All this blood creates the tension we mentioned above. And, when the tension is released, that’s an orgasm.

For people with vaginas, orgasm often is associated with rhythmic contractions of the vagina and pelvic floor, along with a sensitive clitoris, but this interesting factoid is not one-size-fits-all. It’s very important for our collective sexual well-being to de-pathologize sexual function and allow people to experience what they experience, without trying to shut them away into little boxes.

And for penis-havers, orgasm follows these same principles: Orgasm consists of rhythmic contractions of the pelvic floor and a sensitive penis. Ejaculation and orgasm are, however, much more likely to occur at the same time for people with penises.

Other bodily things that occur during orgasm: increased breathing and heart rate, along with a rush of feel-good reward chemicals from the brain. Humans are nothing if not really cool.

What About Ejaculation?

Orgasm and ejaculation are not the same thing. They are related, almost inextricably so, but they aren’t the same thing. “Pelvic muscles contract, which in males, helps to eject semen,” Melancon says. Orgasm is a physiological (brain and body) response, whereas ejaculation is a physical reflex.

For vulva-owners, orgasm can sometimes accompany ejaculation (squirting fluid from the Skene’s glands and/or urethral sponge), but certainly not always. Only about 10% to 13% of women and other vulva-owners ejaculate during sexual arousal or orgasm.

Orgasm Intensity Is Varied

The old adage that orgasms are explosive, volcanic eruptions is bred out of a lack of good sex education and pornified depictions of sex. Yes, some orgasms are absolutely mind-blowing, but they fall on a massive spectrum.

Pleasure is, in fact, not an absolute when it comes to orgasms. “[Orgasmic] contractions are often experienced as highly pleasurable, though some feel pleasure without noticing the contractions specifically,” Melancon explains.

Melancon tells us that the intensity of an orgasm has a lot to do with how we want to experience them. “Orgasms vary depending on the physical areas stimulated, the emotions involved, the quality of the relationship (for partnered sex), whether we engage in our preferred sexual activities, hormones (particularly shifting across the menstrual cycle), and an individual’s physical and mental health,” she says.

Whether you have micro orgasms or orgasms that could melt your face off, you’re completely normal.
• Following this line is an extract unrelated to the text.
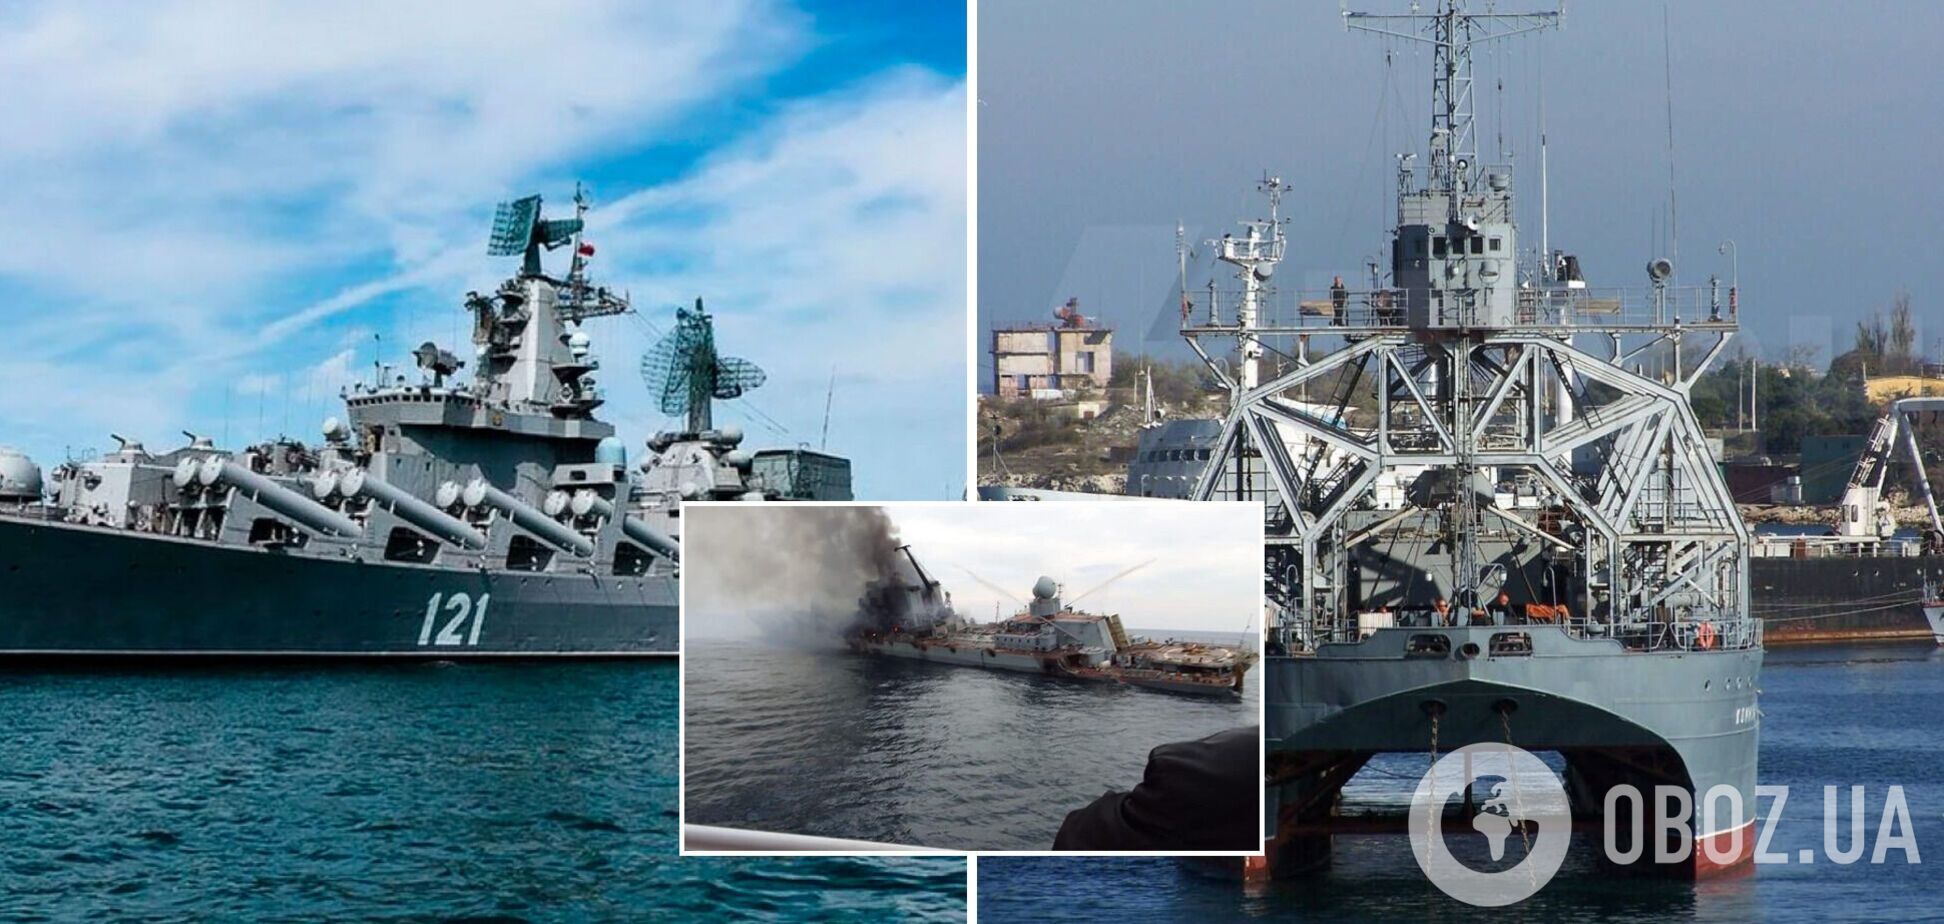 Россия направила на место гибели крейсера 'Москва' корабль 'Коммуна', построенный еще в 1913 году – СМИ

Orgasms can be super fun, but at the end of the day: They’re a psychophysiological manifestation of sexual stimulation. “No one way is better than the other—however you experience orgasm is the right way for you,” Mintz adds.

The Pathway to More Orgasms Is Not Thinking About Them

Removing penetration and focusing on sensation and touch can allow people to begin to reframe their relationship to and understanding of pleasure. It allows them to move away from social scripts and start to write their own, cultivating a new path for desire to form with mindful action and a willingness to be flexible. When orgasm isn’t the focus, orgasms have a place to happen. Anxiety and intense focus are the anti-orgasm recipes.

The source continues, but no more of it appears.